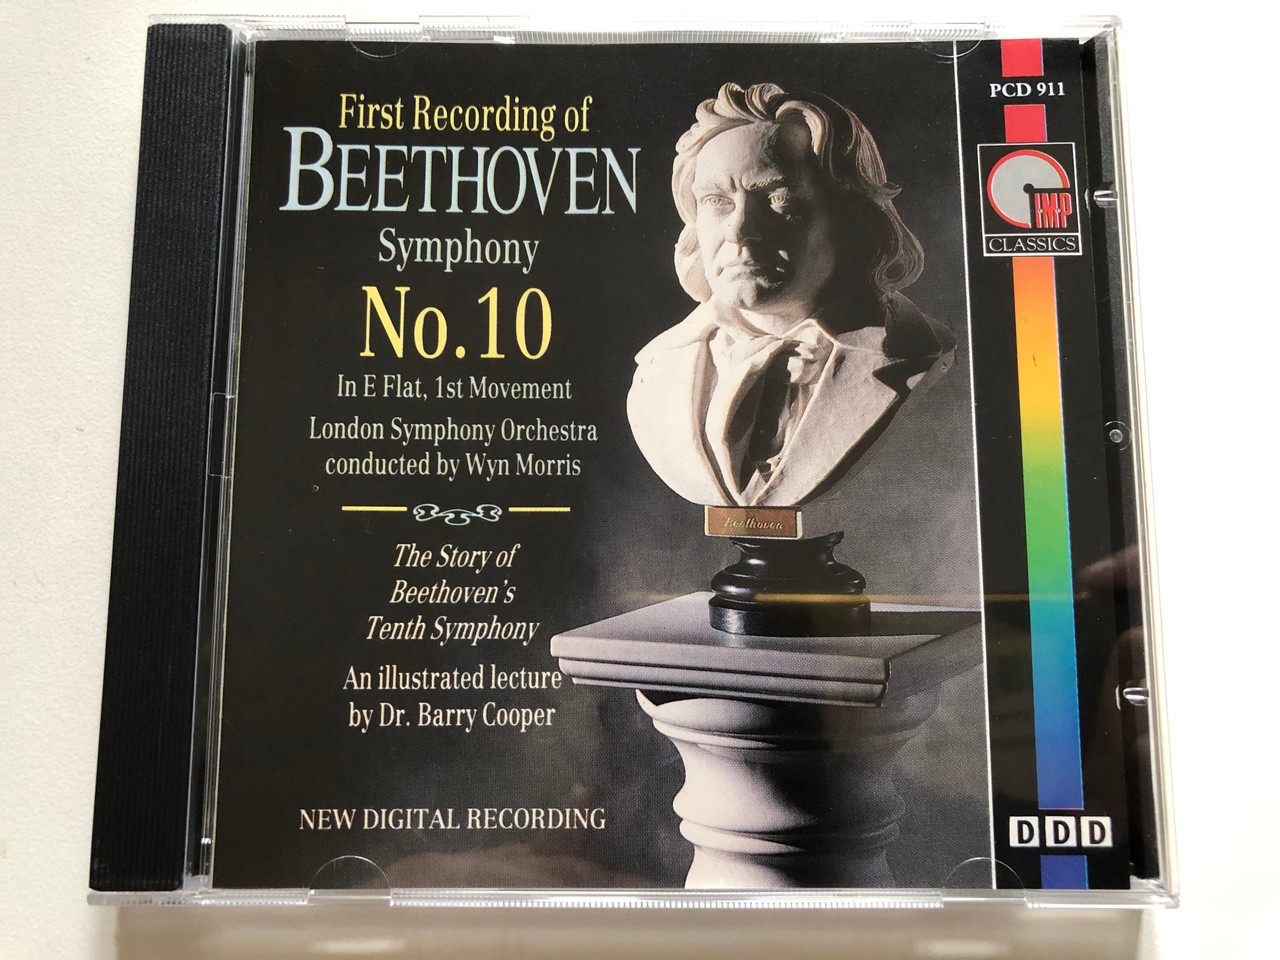 https://cdn10.bigcommerce.com/s-62bdpkt7pb/products/0/images/306644/First_Recording_Of_Beethoven_Symphony_No._10_In_E_Flat_1st_Movement_-_London_Symphony_Orchestra_Conducted_By_Wyn_Morris_The_Story_of_Beethovens_Tenth_Symphony._An_illustrated_lecture_by_Dr_1__78618.1698329378.1280.1280.JPG?c=2
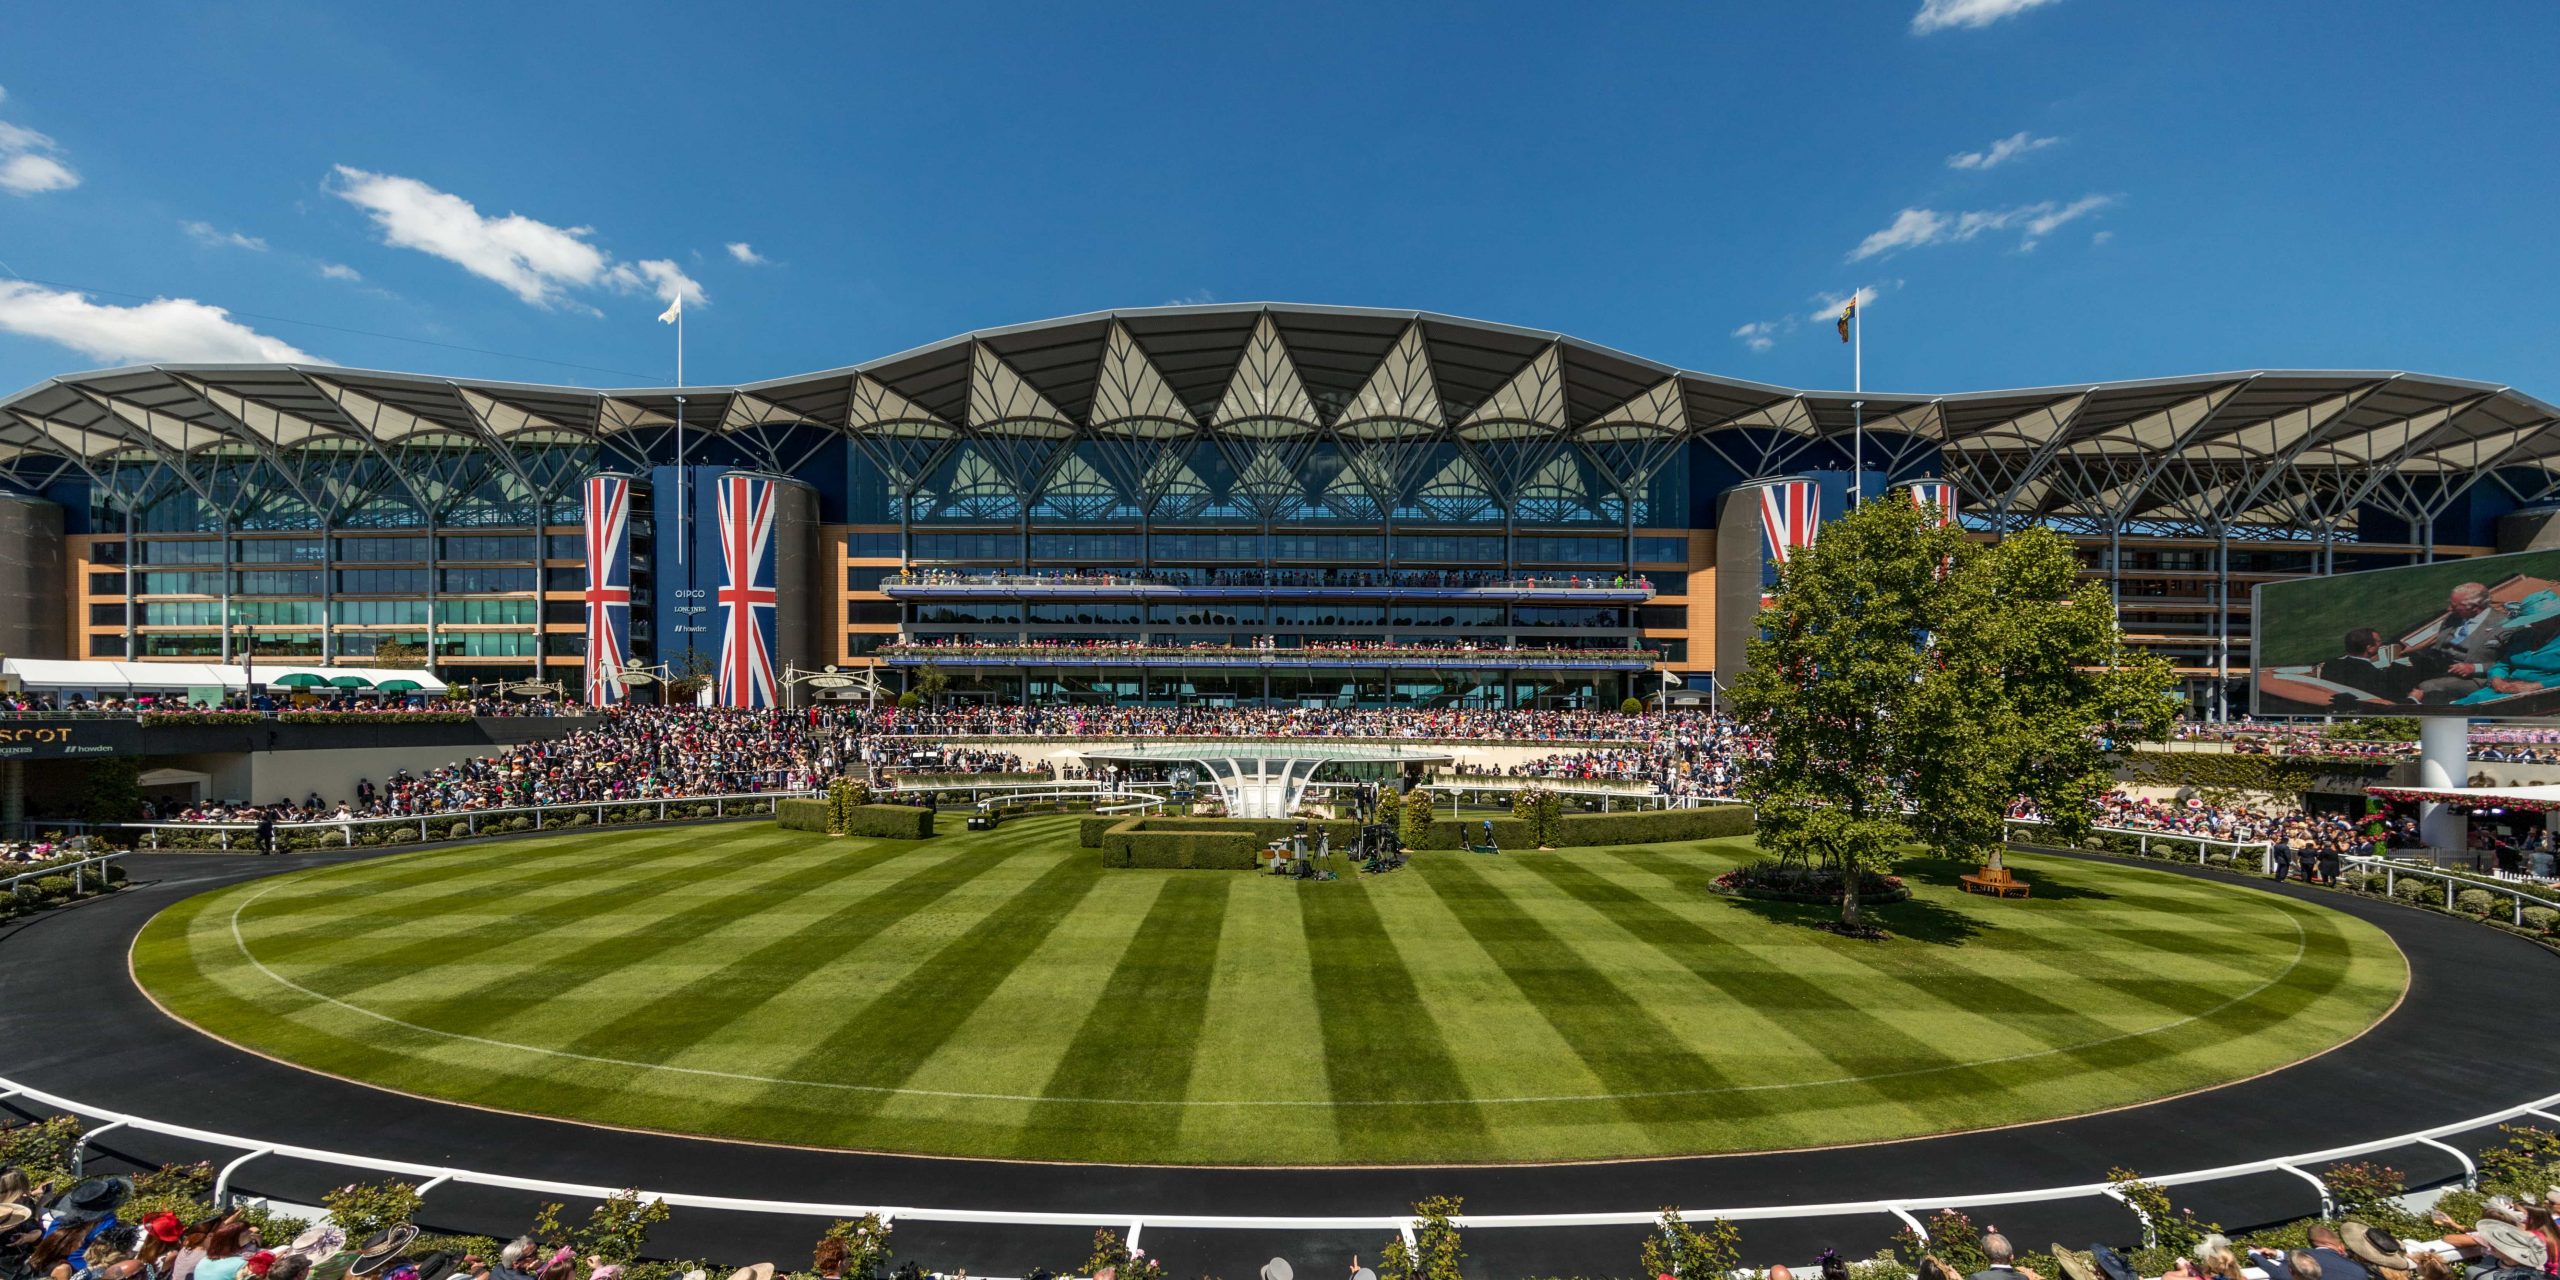 Royal Ascot Racecourse - it's been a week to remember
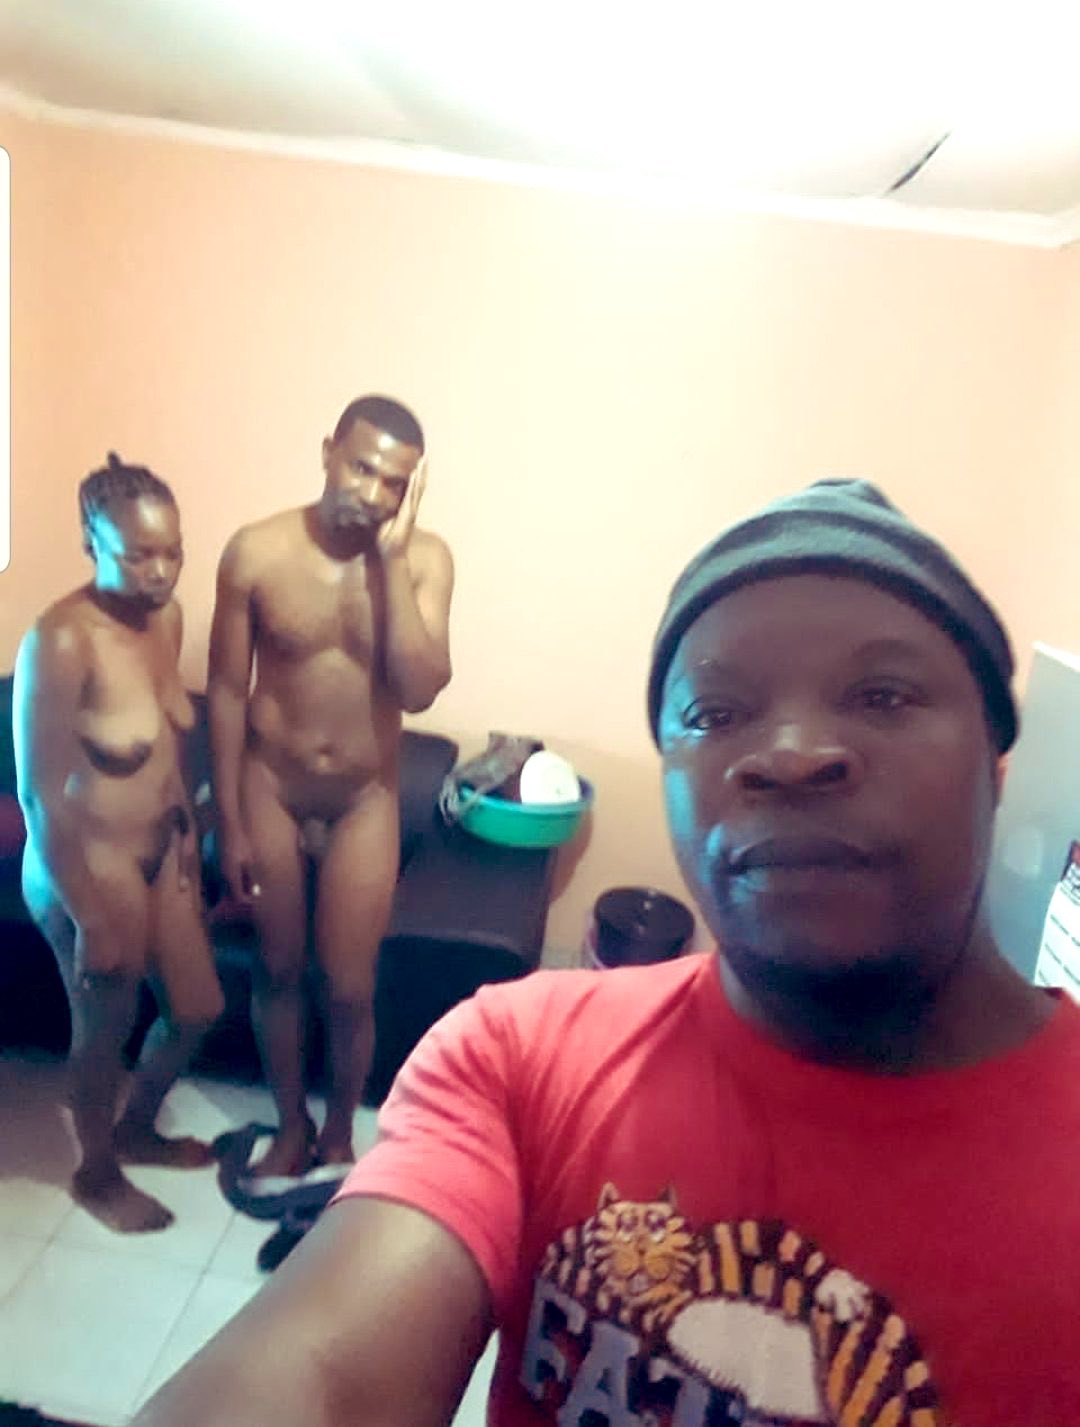 man caught wife and his friend having sex, Took Selfie pic

--*--

* [Exercise instructions]: Print all of the material exactly. Omit pictures.

* [Completed task]:
 https://cdn10.bigcommerce.com/s-62bdpkt7pb/products/0/images/306644/First_Recording_Of_Beethoven_Symphony_No._10_In_E_Flat_1st_Movement_-_London_Symphony_Orchestra_Conducted_By_Wyn_Morris_The_Story_of_Beethovens_Tenth_Symphony._An_illustrated_lecture_by_Dr_1__78618.1698329378.1280.1280.JPG?c=2
 Royal Ascot Racecourse - it's been a week to remember
 man caught wife and his friend having sex, Took Selfie pic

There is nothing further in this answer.